Почта! Конечно же – почта. Почему Рита не имеет привычки интересоваться! Конверт с ягодами, листочками, виньетками, смазан в кляксу обратный адрес, очевиден, как неотвратимость смерти.

«Я так рада! До того счастлива!» – Не глядя, можно понять с первых  и до последних литер. Счастлива чем? В реке после взрыва приятней было. Ничего не потеряешь, кинув напамаженный трёп за каминную решётку до холодов, когда огонь отправит письмо по назначению. Как же привычка читать! Можно ли от неё избавиться? Со временем, должно быть. Писать уже расхотелось. Ладно. Последний раз. Последний ли?
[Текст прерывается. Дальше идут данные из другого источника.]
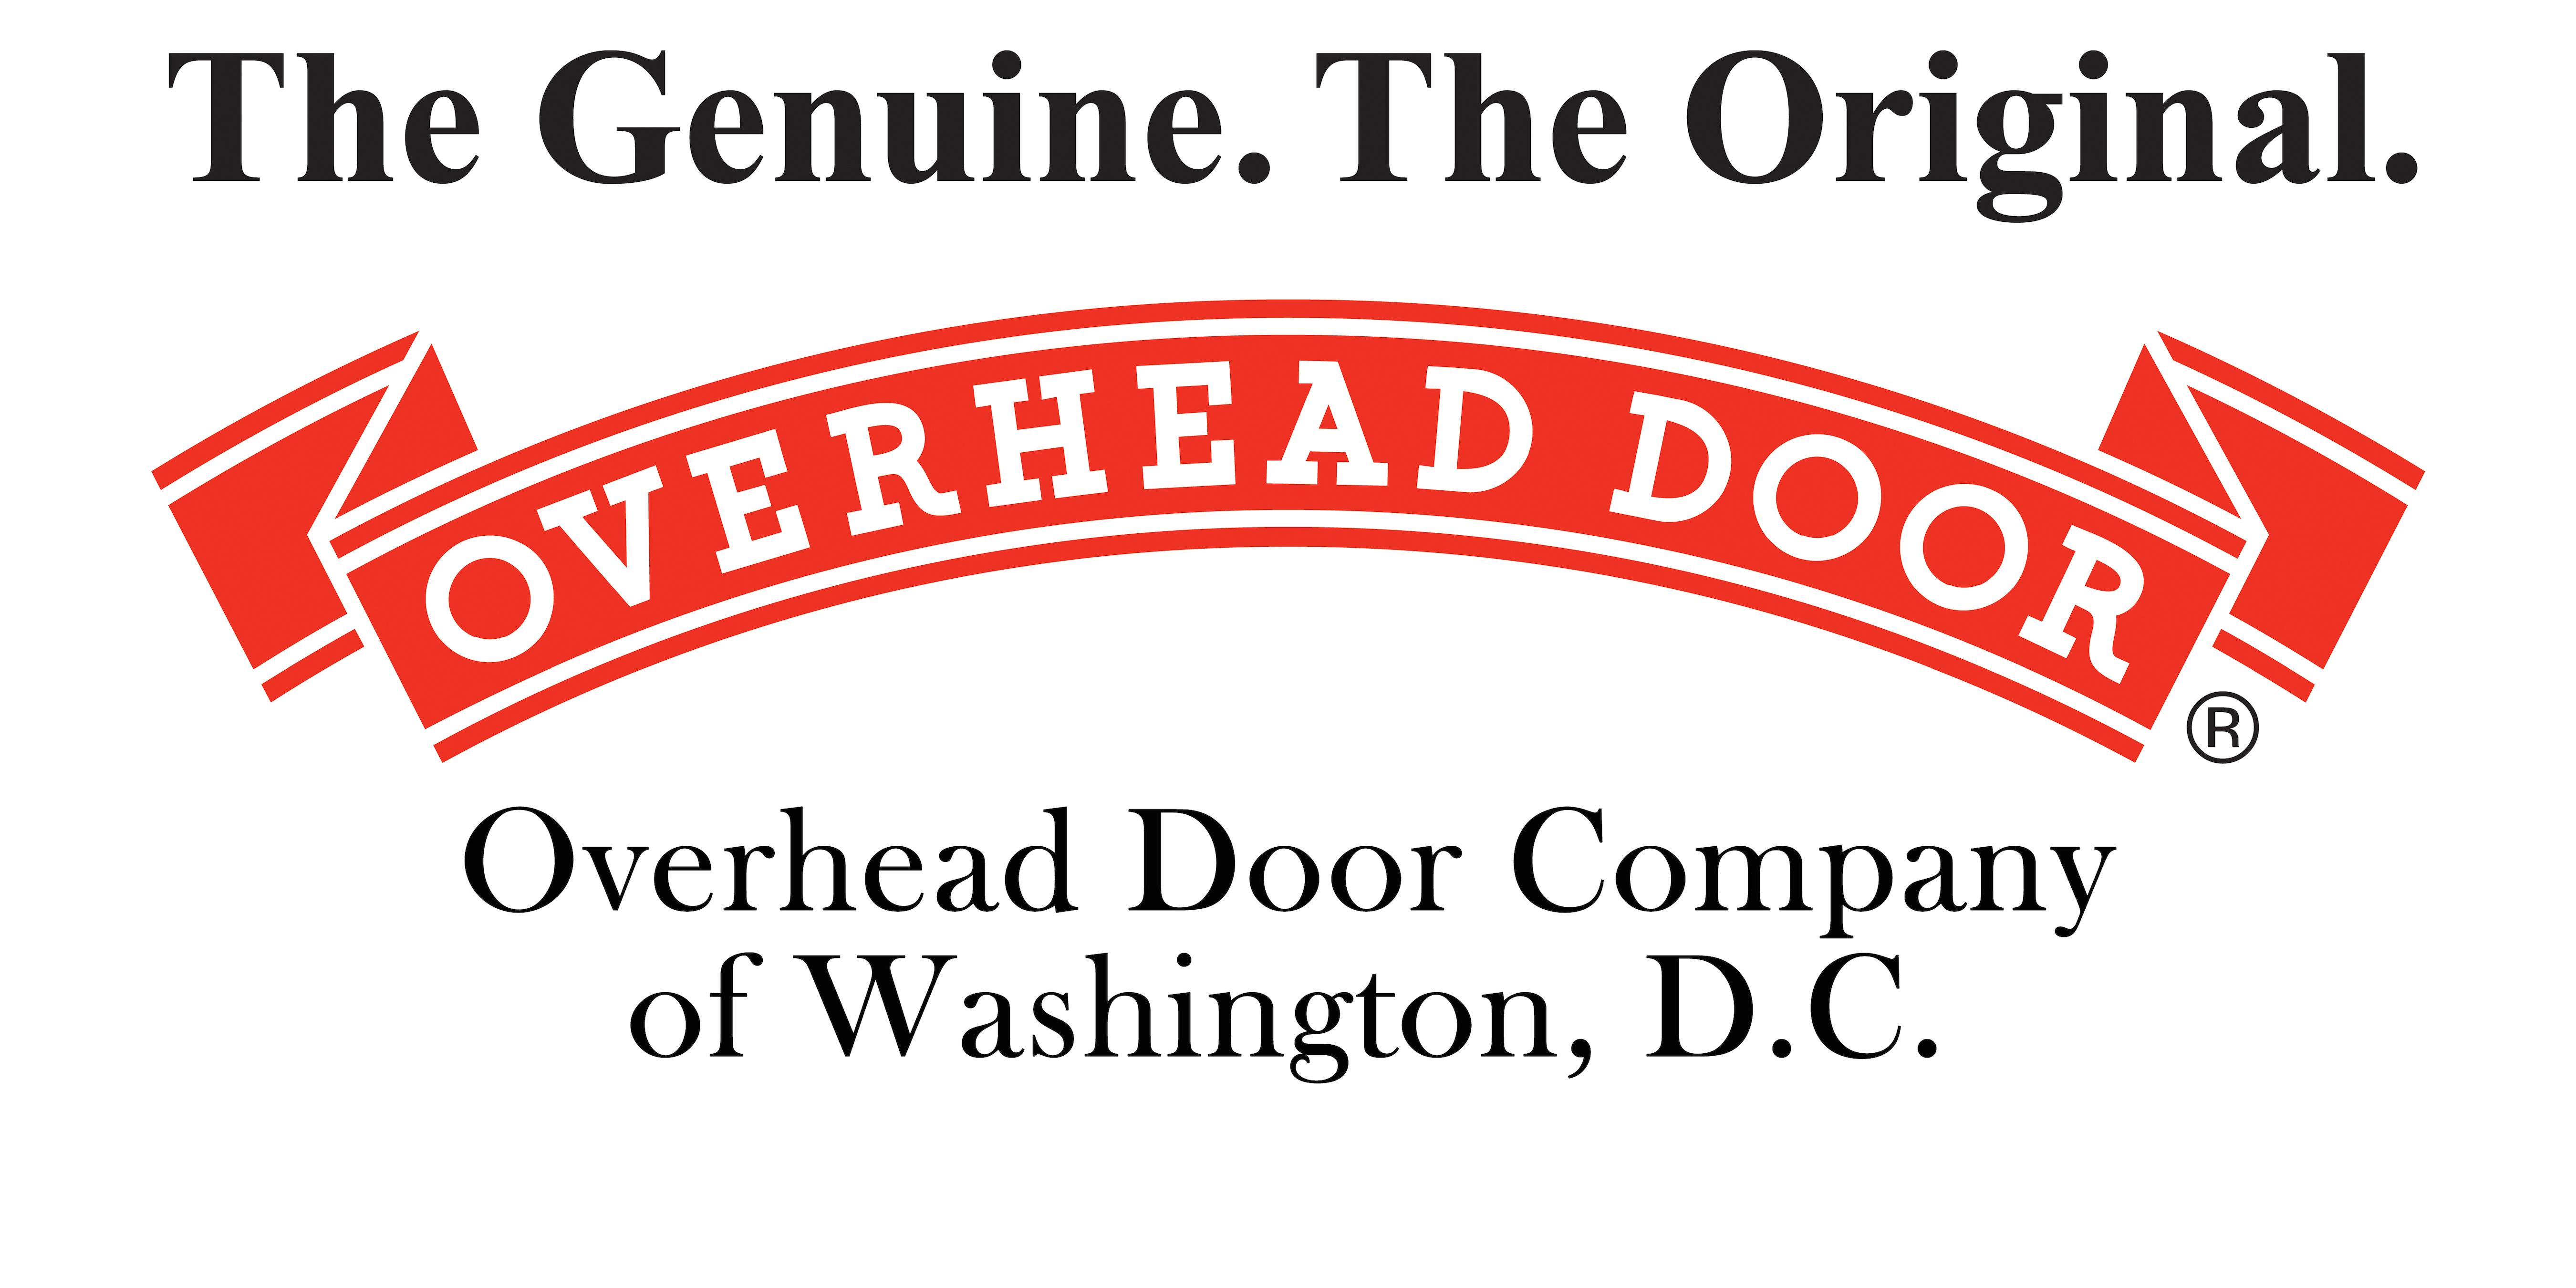 Overhead Door Company Of Washington DC 6841 Distribution Dr, Beltsville, MD  20705   YP.com

Почему, если есть решимость, не делает? А она есть. Что помехой? Увиливание от конфликта? нежелание выслушивать… нет – читать и получать одно слёзное послание за другим? Странно. Их ведь можно в камин, не вскрывая. Ладно. Прочесть последний раз, и пусть так будет.

«… Хочу сообщить тебе радостную новость! Невероятно радостную! У нас будет ребёночек. Не сейчас. Ещё не скоро. И отец его (ты знаешь, кто) настаивает, чтобы я… Ушла от тебя, что ли! Я не хочу. Меня всё устраивает. Я надеюсь, что ты не оставишь нас без средств!!!»

«Не оставлю. – Только и сумел написать Пауль, однако, после прибавил ещё фразу: - Господин Гевиннер – мой адвокат, всё устроит. Надеюсь, к общему удовольствию».
Гевиннер устроит. Кто бы сомневался. Следует в целости доставить ему письмо Гертруды и после этого смело сказать – СВОБОДЕН!!!


1. Послание к Филипийцам Святого Апостола Павла. Глава 1. Стих 21.
2. БЫТИЕ ГЛАВА 13.
3. Festungsoberwerkmeister - Старший главный сапёр.
4. Этилмеркаптан - примесь, добавляемая в природный газ для характерного запаха.
5. Собачья пещера - у подножья Везувия. В ней тяжёлый углекислый газ стелется по дну слоем до полуметра, в результате чего гибнут не успевшие убежать собаки.